His position, which had been closer to that of president than chief operating officer, became more like that of a "glorified administrator . . . and that wasn't acceptable to him," Enderle said. At one time, Belluzzo had been tipped as a potential future successor to Ballmer, he noted.

Customers who depend on Microsoft products should have no reason to lose sleep over the departure, Enderle added. Belluzzo was more involved with running Microsoft's business than with the development of any of its products, he said.

Another analyst agreed that Belluzzo's departure will be no great loss.

"I don't think it's a particularly significant blow to Microsoft," said David Smith, a senior analyst at Stamford, Conn.-based Gartner Inc. "It's hard to put your finger on anything he's done that was particularly spectacular."

Belluzzo may have helped revive Microsoft's MSN online service, but the unit is "still not what you'd call tremendously successful," Smith said. The executive also doesn't appear to be closely involved with the development of .Net, a key project for the company that involves retooling its products to allow for the delivery of software and services over the Internet.

"There's a definite culture clash between Rick and the company," Smith said. "He's very soft-spoken. I don't think that gets you very far at Microsoft."

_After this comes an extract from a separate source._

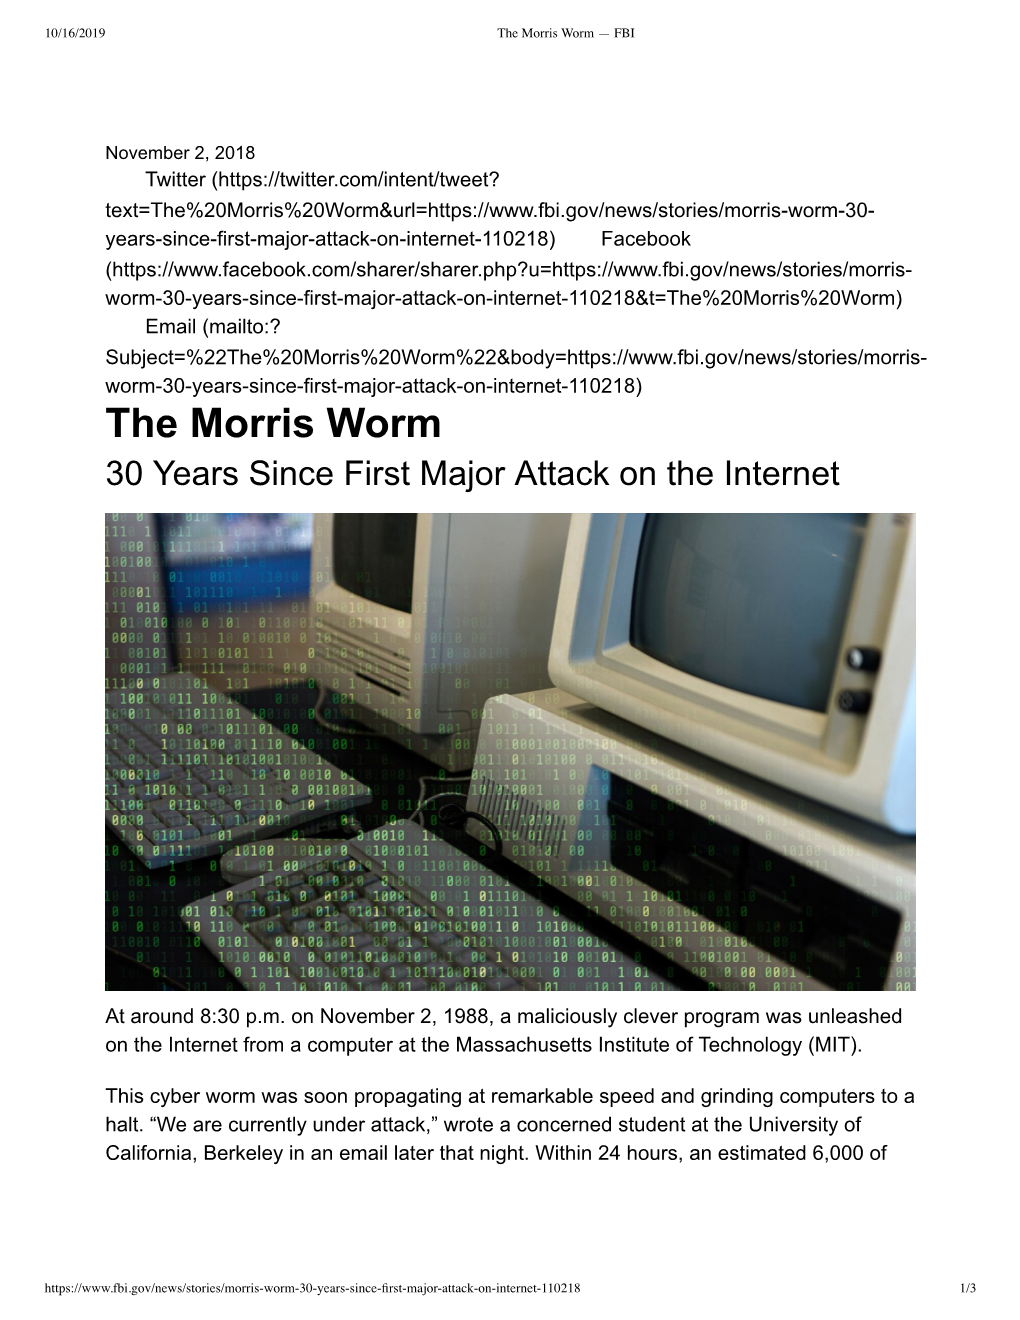 The Morris Worm — FBI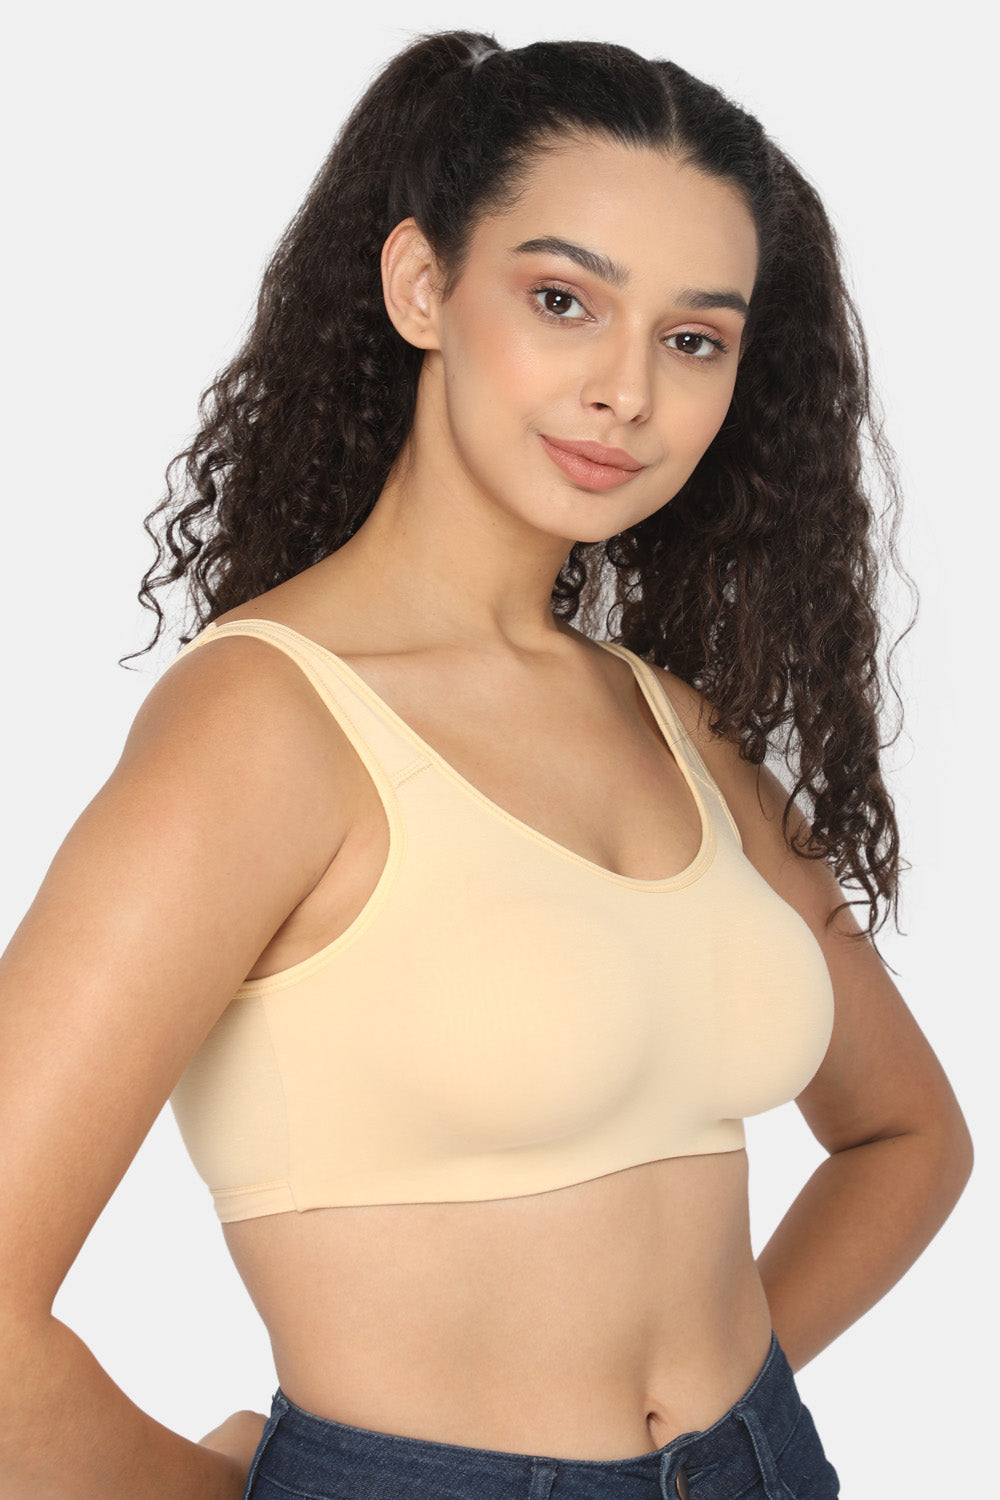 Myntra Sports bra and tight haul starting price range 604 rupees

Belluzzo worked with Microsoft's top brass to reorganize the company in a way intended to improve its internal structure and position it for faster growth. Out of that came the decision to make Microsoft's various business unit leaders more in control of and accountable for the groups they lead, Microsoft CEO Steve Ballmer said in the statement.

"Given where Steve and I knew we needed to take the business, I decided it was the right time to pursue my goal of leading my own company," Belluzzo said in the statement.

Bill Gates, Microsoft's chairman and chief software architect, said in a statement that Belluzzo made "important contributions" to the company. In particular, his work on improving internal business processes and his role in the development of .Net, Xbox and MSN were "very significant contributions," Gates said.